# Rytera Alien Nemesis Update VEM Photos and Alien-Z



## Kurt D. (Jul 3, 2007)

Shown in photo –Alien Nemesis with VEM (Vibration Escape Module) 
The Alien Nemesis will include two VEMs. This feature will minimize vibration even more than the riser design. 

As we posted earlier the first Alien Nemesis bows will be shipped to reps and some dealers in the next 10 days. More will be shipping in the next 3 weeks. Full production will be in January.

Alien-Z bows are currently in camo and starting to ship this week

Thanks you all for the great response on this new line.


----------



## AdvanTimberLou (Aug 8, 2005)

Sweet looking bow, just when you think Rytera hits a homerun with the Alien line, the Nemesis is next up to the plate! 

Awesome looking bow and one of the sweetest looking risers for 2010. 

Can't wait to shoot one!


----------



## AM OUTDOORS (Aug 6, 2007)

Already ordered! Can't wait.


----------



## TomG (Dec 4, 2002)

Awesome bow. I actually would consider getting one if I was in the market.

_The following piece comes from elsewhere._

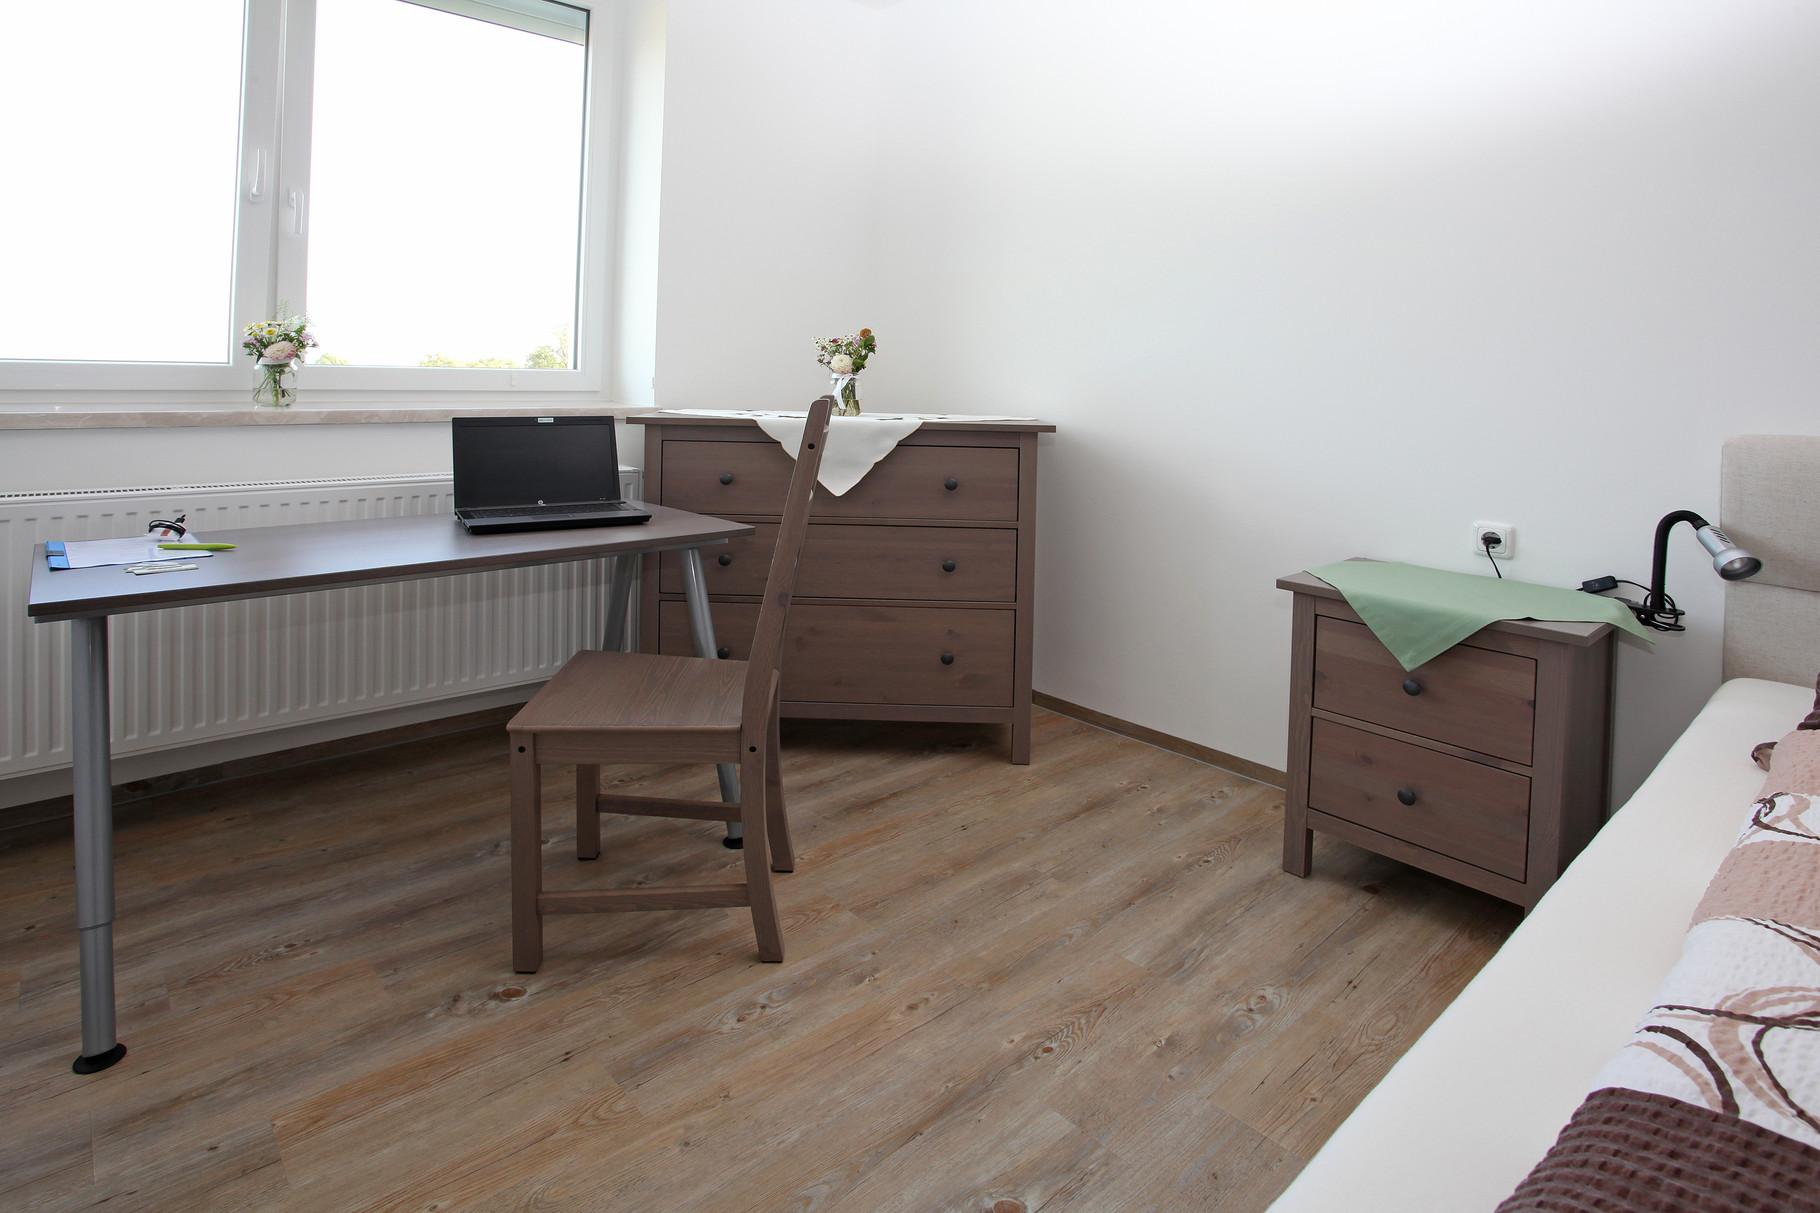 Doppelzimmer ab 900,-/Monat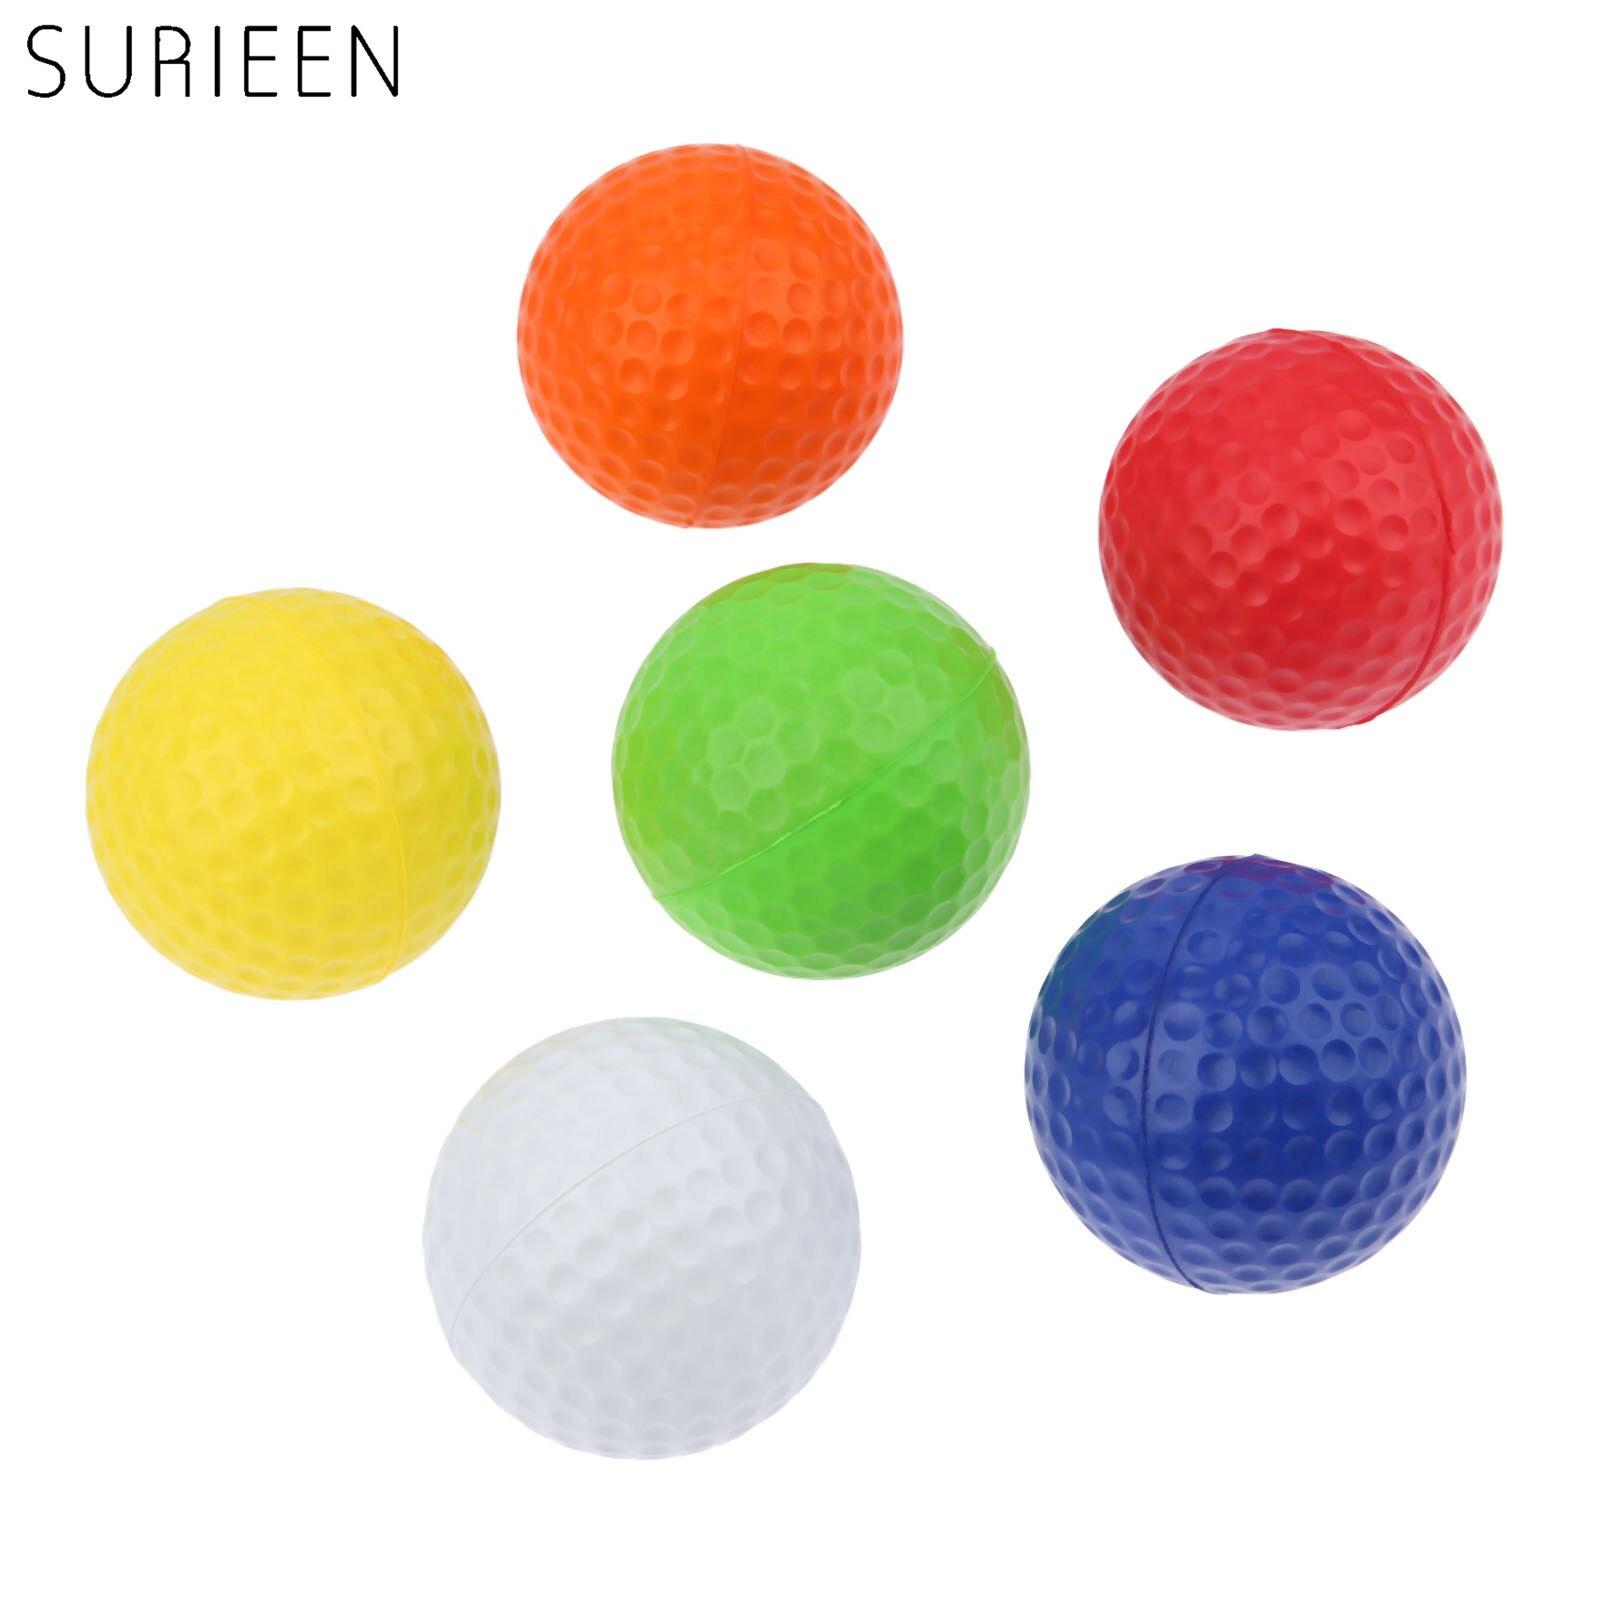 SURIEEN 20Pcs Indoor Sponge Golf Practice Balls Light Foam Golf Balls Outdoor Sport Sponge Golf Training Balls 6 Colors PU Balls

I am just surprised to see that there is no insert for the stabiliser. It looks stronger and prevents damage of mounting/removing a stabiliser... Just me though (I'm a picky engineer:darkbeer

TomG


----------



## lunkerbuster (Aug 25, 2006)

Nice bow


----------



## ike_osu (Jul 1, 2008)

TomG said:


> Awesome bow. I actually would consider getting one if I was in the market.
> 
> I am just surprised to see that there is no insert for the stabiliser. It looks stronger and prevents damage of mounting/removing a stabiliser... Just me though (I'm a picky engineer:darkbeer
> 
> TomG


That is the one thing about this bow I don't like. I had a firecat and there was a nice little circle of aluminum showing the grommet on my wrist sling turned while I was tightening my stabilizer. Great looking bow though I like the riser and the overall design. I would like to see one orange and black. That would be a nice combo on the Nemesis.


----------



## nickster (Jun 30, 2007)

great looking bow and the new VEM modules fit so nice and clean, u guys are really stepping it up


----------



## Big Ragu (Feb 27, 2008)

*It will be mine!!!*

Oh yes it will be mine!!!


----------